Von rechts irgendwo aus einer Wiese kommt ein Auto mit den Scheinwerfern an und auf uns gerichtet. Blitzschnell registriere ich, dass ist das Fahrzeug der Aushebungsoffizierin, diejenige welche mich im Tränengas schmoren liess. Ich melde: “Unbekanntes Fahrzeug nähert sich der Truppe!” Die Kommandantin ruft:”Fahrerin Heitz, gehen Sie nachsehen!” Von mir kam ein deutlich hörbares “Jawolllll!”

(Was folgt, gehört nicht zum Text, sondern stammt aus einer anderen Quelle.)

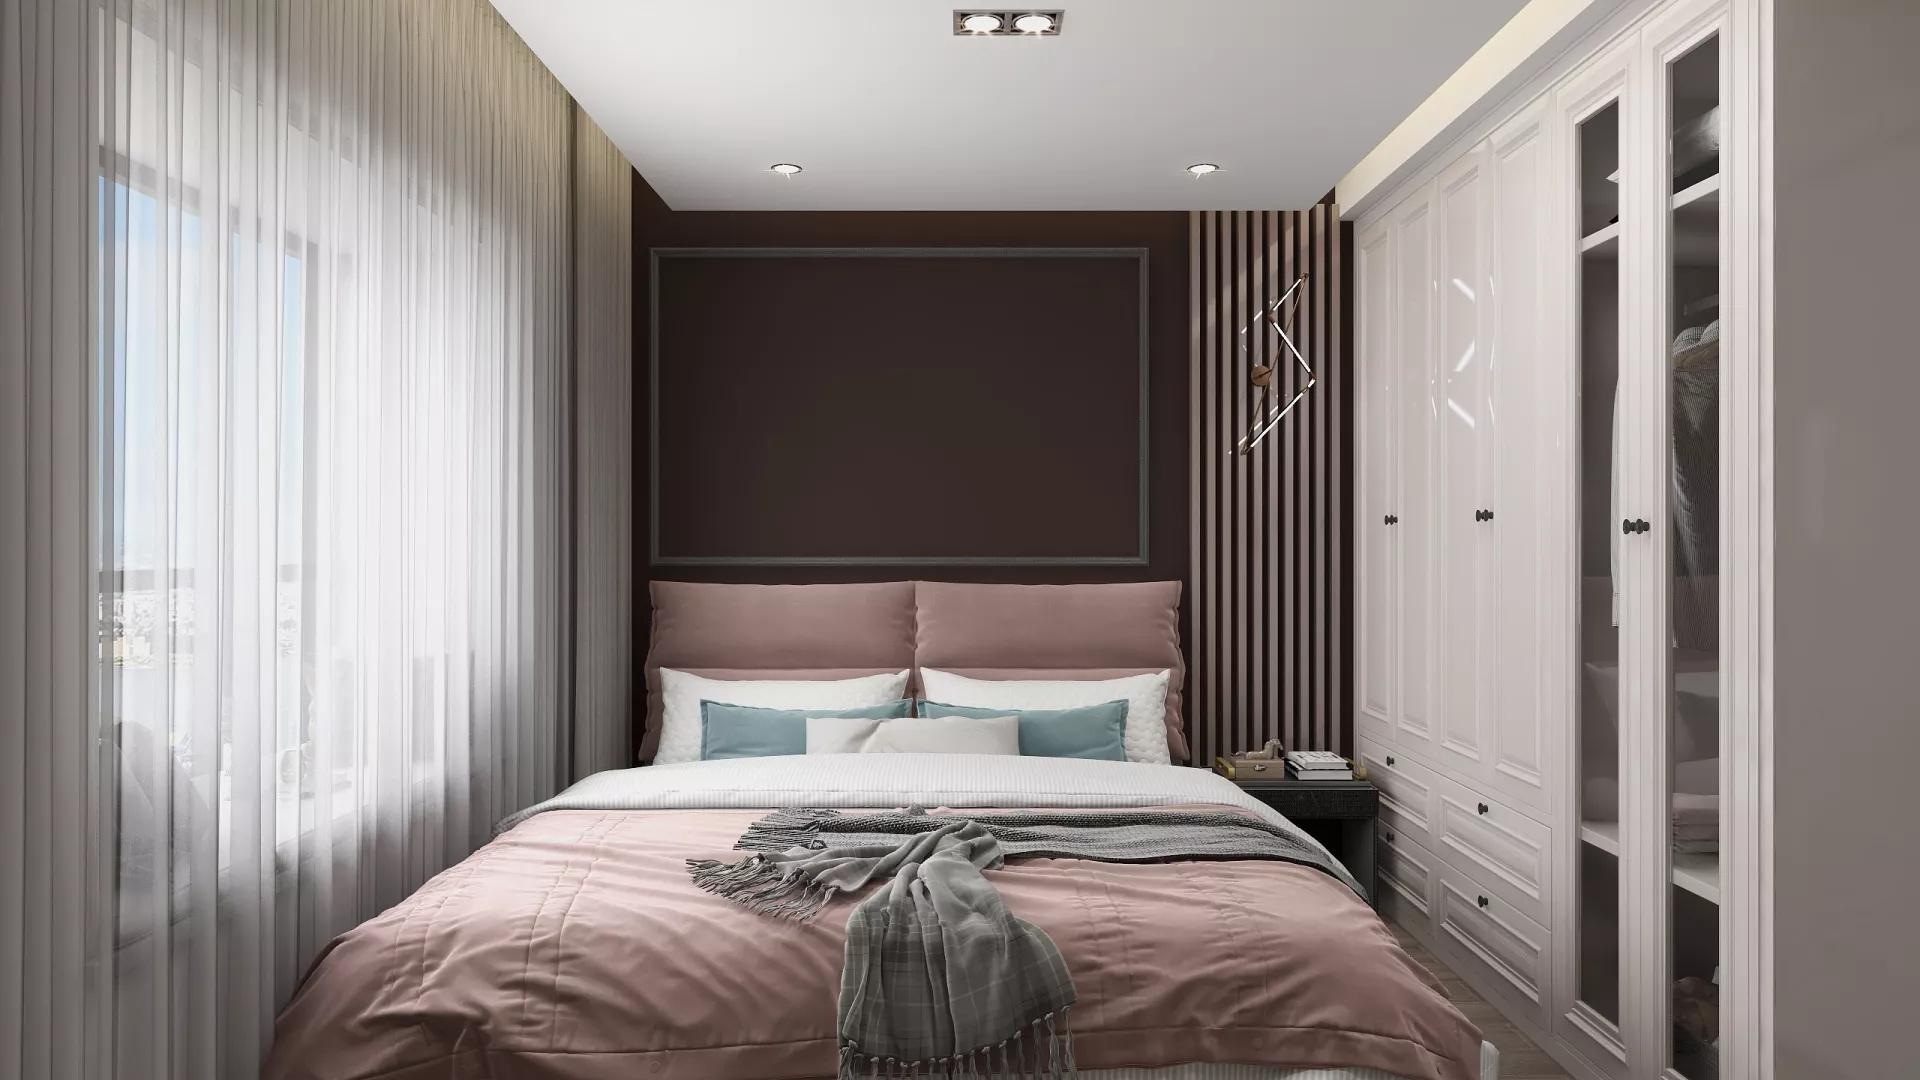 88㎡小复式时尚清新的客厅装修效果图

Ich realisierte, dass ich die Chance hatte, mich zu “rächen” Neben mir war ein Graben, der mich von der Wiese trennt, wo ich hin sollte. Ich stürzte mich in den Graben und schrie laut auf und blieb reglos liegen.   Mein Knie umklammernd sagte ich, dass ich nicht mehr gehen könne. Die Aushebungsoffizierin kam her und schnauzte mich an, wie ich nur so blöd sein könne, in den Graben zu springen, ob ich kein Hirn hätte.

Meine philosophische Sternstunde war gekommen!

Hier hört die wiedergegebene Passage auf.